All that is enjoined is that the order shall be proclaimed and affixed. If the property is proclaimed and proclamation affixed, thereon the attachment is complete and valid. There is no warrant for the proposition that an attachment is not complete until notice of the prohibitory order is served upon the owner of the property. 12. To sum up, in my opinion :- i the principle underlying the issue of attachment in the context of Order XXI Rule 90 of the Code is different from that which is relevant for purposes of Section 64 of the Code; for purposes of Order XXI Rule 90 of the Code the absence of attachment is immaterial.
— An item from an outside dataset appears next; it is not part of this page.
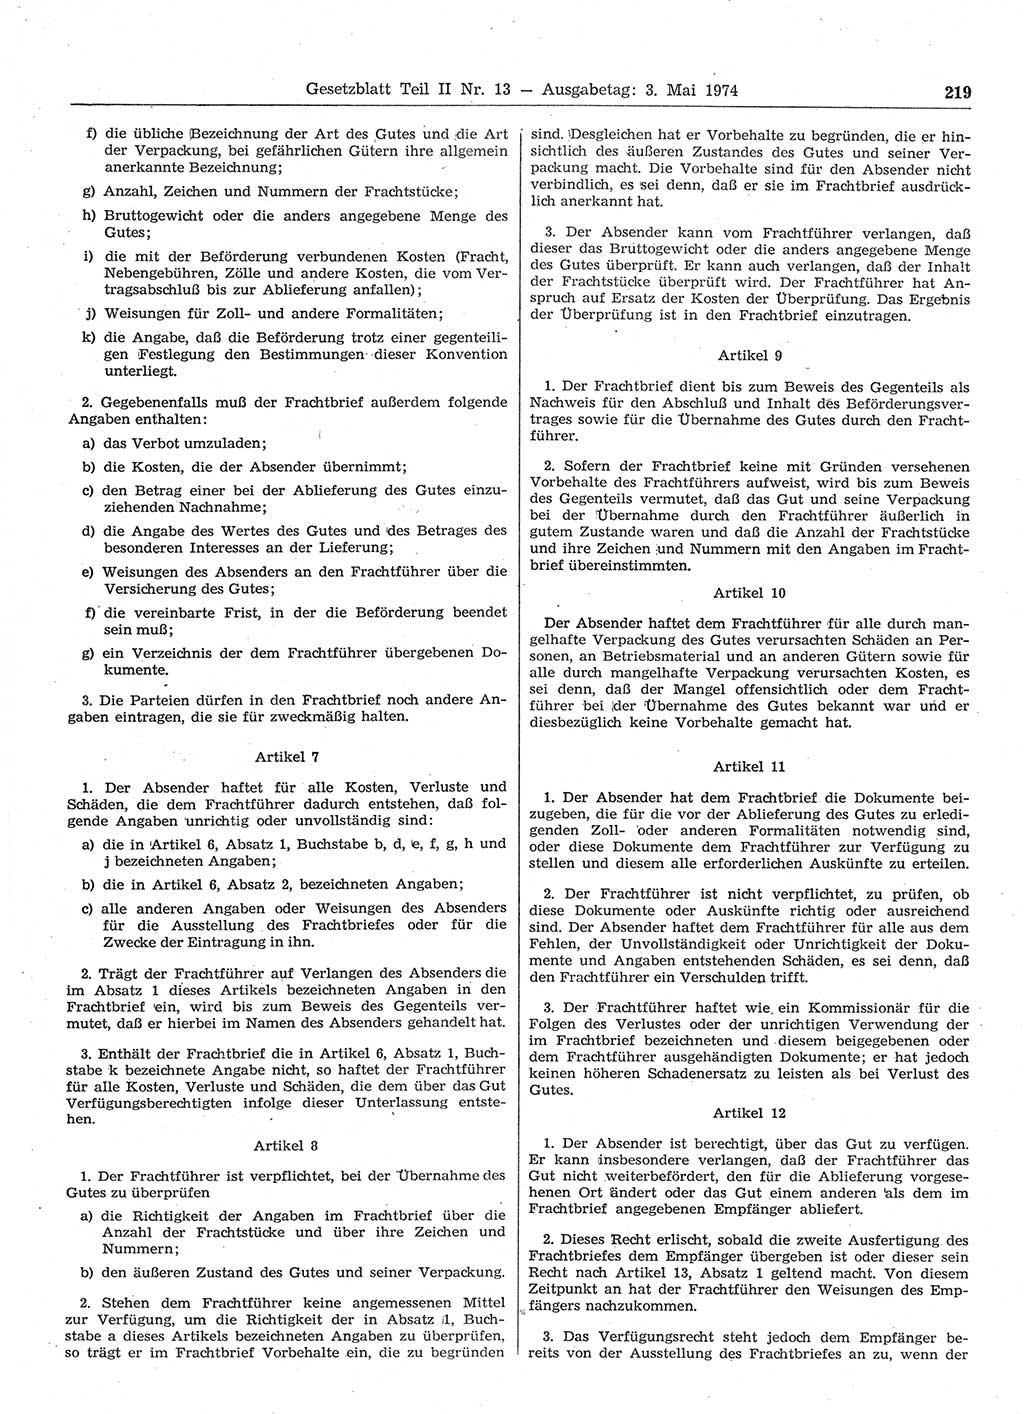 Gesetzblatt (GBl.) der Deutschen Demokratischen Republik (DDR) Teil ⅠⅠ 1974, Seite 219 (GBl. DDR ⅠⅠ 1974, S. 219)

The material consideration is irregularity or fraud in the conduct or publication of sale accompanied with substantial loss resulting to the objector: ii in the context of Section 64 of the Code there has not merely to be the order of attachment passed by the Court, but also it has to be shown that the attachment was made; iii as against purchaser for value in good faith the attachment becomes operative when the order passed therefor is proclaimed on the spot and a copy thereof is affixed on the property; in view of the first part of sub-rule (3) of Rule 54 it is not essential that a copy of the order be affixed on the court-house, and, iv the omission to affix a copy of the order on the court-house constitutes, in any event a minor irregularity, which has to be ignored, including for purposes of giving effect to Section 64 of the Code. 13. From the discussion made in the above it follows that there was attachment of the property in dispute directed in this case on February 18, 1950, which was followed up by the attachment being actually made on March 12, 1950. In face thereof the purchase made by the plaintiffs-respondents from Kailash Nath Shukla. the judgment-debtor, on August 10/12, 1950. is rendered void in so far as 3/ 10th share in the property in dispute is concerned. The suit in favour of the plaintiffs-respondents could not, therefore, have been decreed under the law. 14. The appeal accordingly succeeds and is allowed. The judgment and decree of the Court below are set aside. The suit shall stand dismissed. In the circumstances the parties shall hear their own costs.